Below 15W we have no safety issue at all according to IEC62368 because the energy is not sufficient to start a fire but we could have a power outage recovery issue that is required to clarify e.g. maybe on side of Dr. He?
Please no discussions about the following blueprint here. Its just a prove of concept and by far not to see from the flight level which this discussion is for! Its only a small safety puzzle part and invitation to add more safety to other HA members for controlling high power consumers and as partly prove of concept. You can find my first blueprint here: Safety Plug On_With_Timed_Off and Safe Off State fall back at start up.
This could be maybe also a weak starting point for testing more suitable high power plugs, find out manufacturer that do not respect Zigbee specs and may exceed any critical safety limits. Normally in an ideal world I would highly expected all plugs to include this functionality internally and guarantee to protect against any exceeding the IEC62368-1 safety limits by default - But sadly they don’t.
Wow! thank you, Edmondena, for taking the time to write such a detailed and technically grounded response. Your background in automotive functional safety and standards really comes through, and I appreciate you bringing that perspective into the discussion. It honestly took me a while to go through everything and make sure I understood your ideas and suggestions. Apologies for the delayed reply as well, I was traveling and didn’t get a chance to follow the thread closely.
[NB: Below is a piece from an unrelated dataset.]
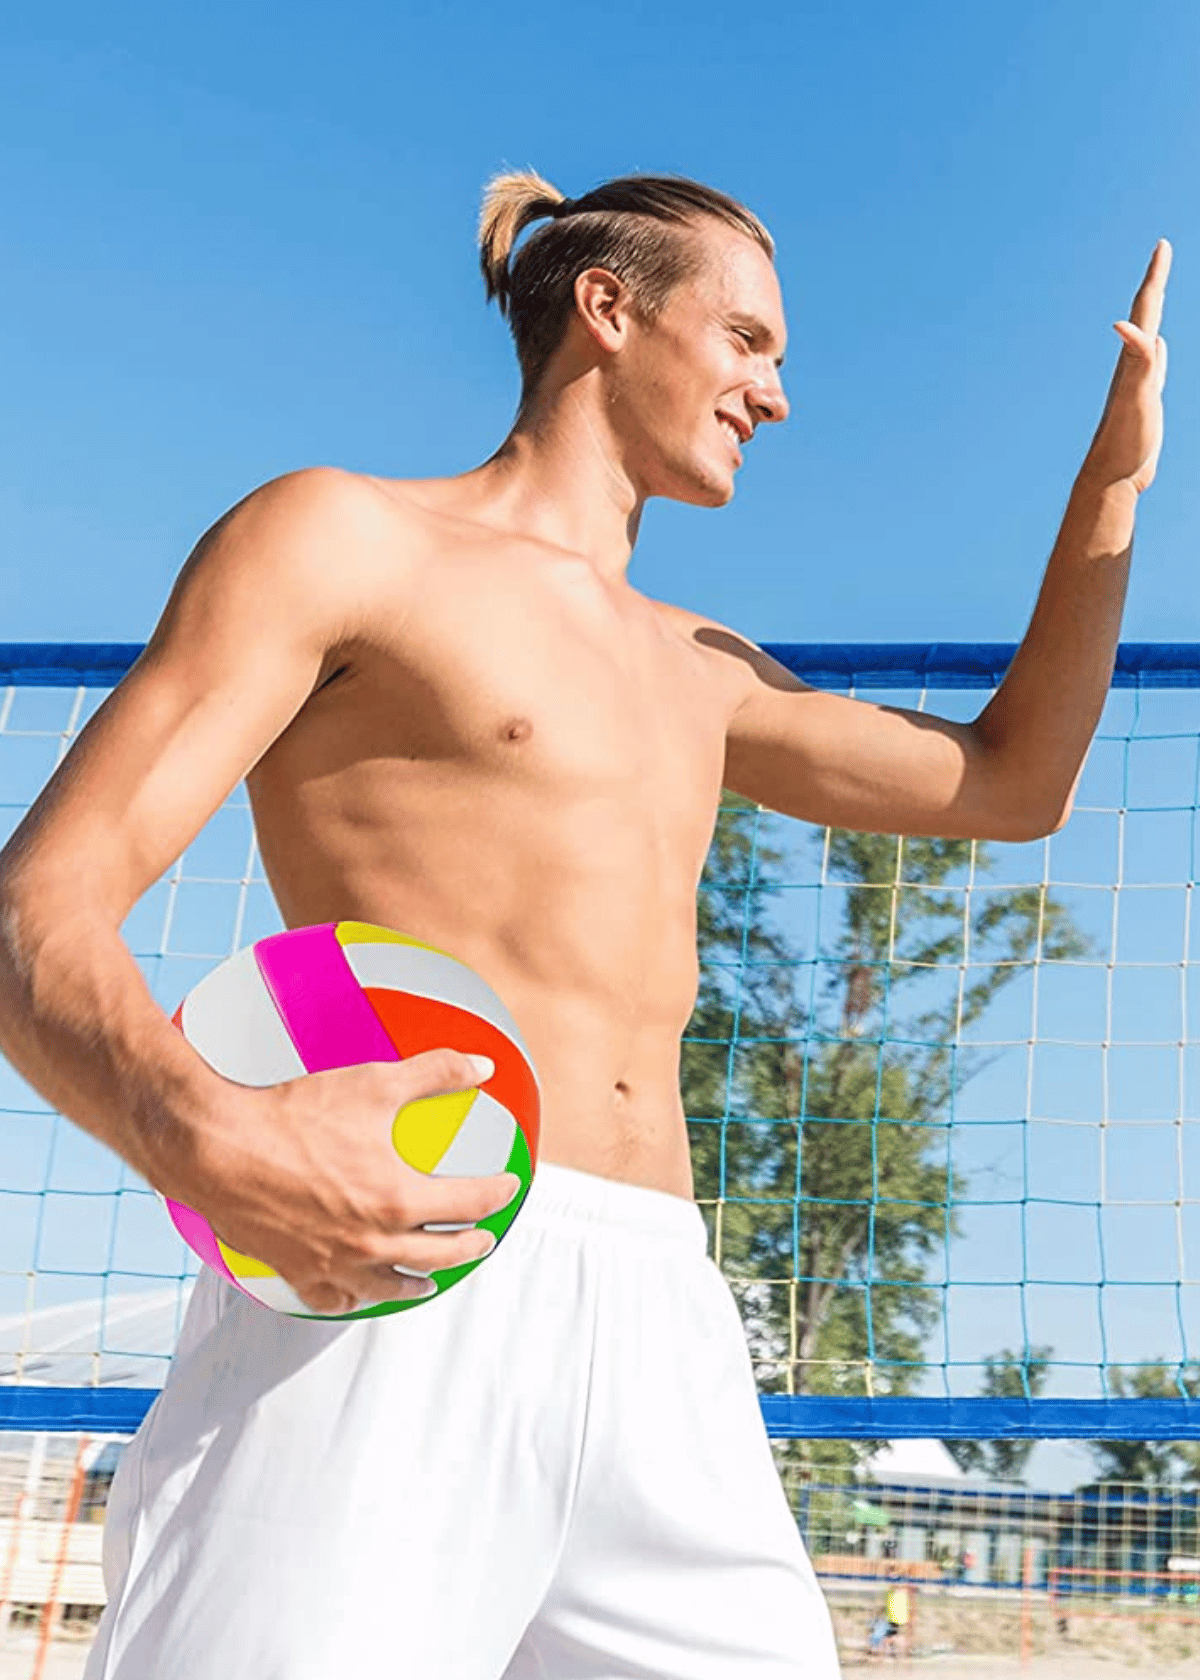 Best Outdoor Volleyball Ball:  A Buyer's Guide

I want to be very clear up front: many of the risks you describe, especially around heaters, fail-safe behavior, and single points of failure, are real. Your ALARP-based reasoning is the kind of thinking that consumer home automation may lack today. At the same time, most Home Assistant users don’t have 15+ years of safety-system development experience like you, which is precisely why we’re interested in hearing from a broad range of stakeholders: experienced engineers, maintainers, and also everyday users, to better understand different perspectives, expectations, and concerns.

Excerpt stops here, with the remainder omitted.